Su andar era lento y cuidadoso como el de quien recorre un museo. Ese otoño
había llegado con mucha fuerza, colmando las veredas de colchones de hojas
secas que, al pisarlas, sentía que abrazaba su infancia. La sensación del crujir
de la fronda debajo de sus pies siempre había sido muy placentero para ella.

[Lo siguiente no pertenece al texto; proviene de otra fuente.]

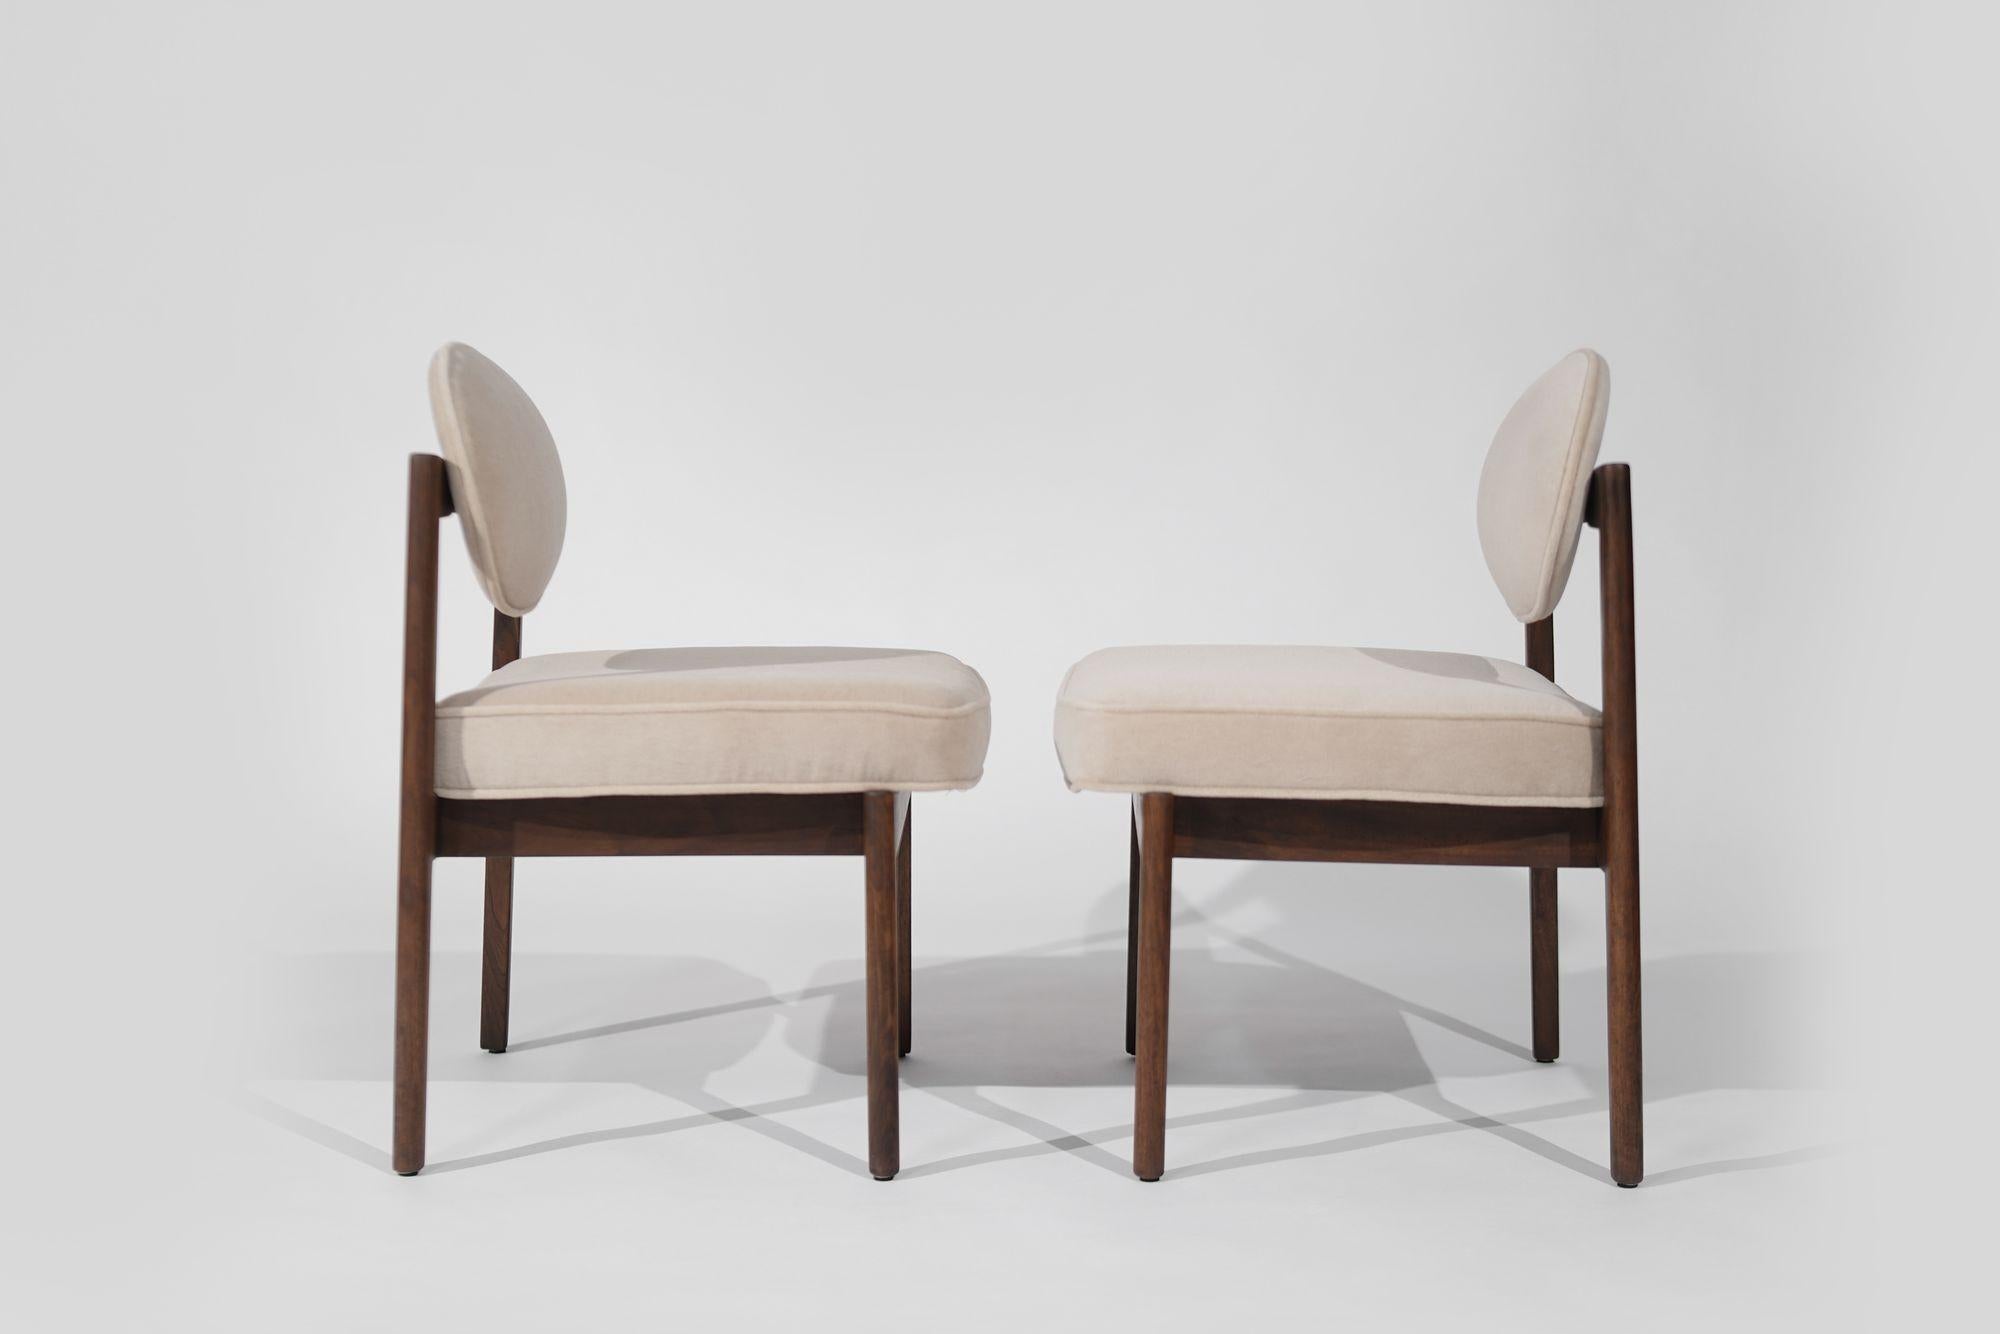 Ein exquisites Paar moderner Beistelltische aus der Mitte des Jahrhunderts, entworfen von Jens Risom, hergestellt um 1960-1969. Das sorgfältig restaurierte Nussbaumgestell erstrahlt in neuer Schönheit, ergänzt durch eine luxuriöse Neupolsterung aus

Había vivido en ese barrio durante 32 años. Ella había nacido allí, igual que sus
padres y la historia que sus abuelos comenzaron 60 años atrás cuando
encontraron aquella pequeña casa que los alojaría durante toda su vida y que
sería la sede de los mejores canelones de verdura que el barrio hubiese
probado.
Una vez por mes, luego de reencontrarse con la que siempre fue, se sentaba
en el umbral de la vieja casa-restaurant de sus abuelos y sacaba su cuaderno:
SOY, se leía en el cartel de la tapa. Allí volcaba en el papel alguno de los
recuerdos que hubieran aflorado ese día, como si su historia de vida se
resumiera en esas páginas.
Unos segundos después, alguien con voz tenue le habló desde el otro lado de
la puerta. No sabía ni como comenzar a explicarle a esa persona lo que quería
porque, en realidad ella tampoco lo entendía. Intentó empezar presentándose,
al fin y al cabo algo que siempre tenía muy claro es quién era y de dónde
venía. El resto llegó solo, en pocas palabras pudo expresar su emoción y su
deseo y la puerta se abrió. Una mujer se asomó y se acercó a ella. Le tocó la
cara con sus manos arrugadas pero suaves como la brisa que la conquistaba
siempre al entrar al barrio y la invitó a pasar.
Bebió un sorbo de vino y miro a la mujer a los ojos. - “Gracias”- esbozó con la
voz quebrada y una sonrisa sutil como si al abrir la boca se arriesgara a dejar
escapar el sabor de su vida.
Ese día cambio algo más. El fin del recorrido por su viejo barrio ya no sería el
umbral de la vieja casa-restaurant de sus abuelos sino los canelones de
verdura de su abuela jugando en su boca.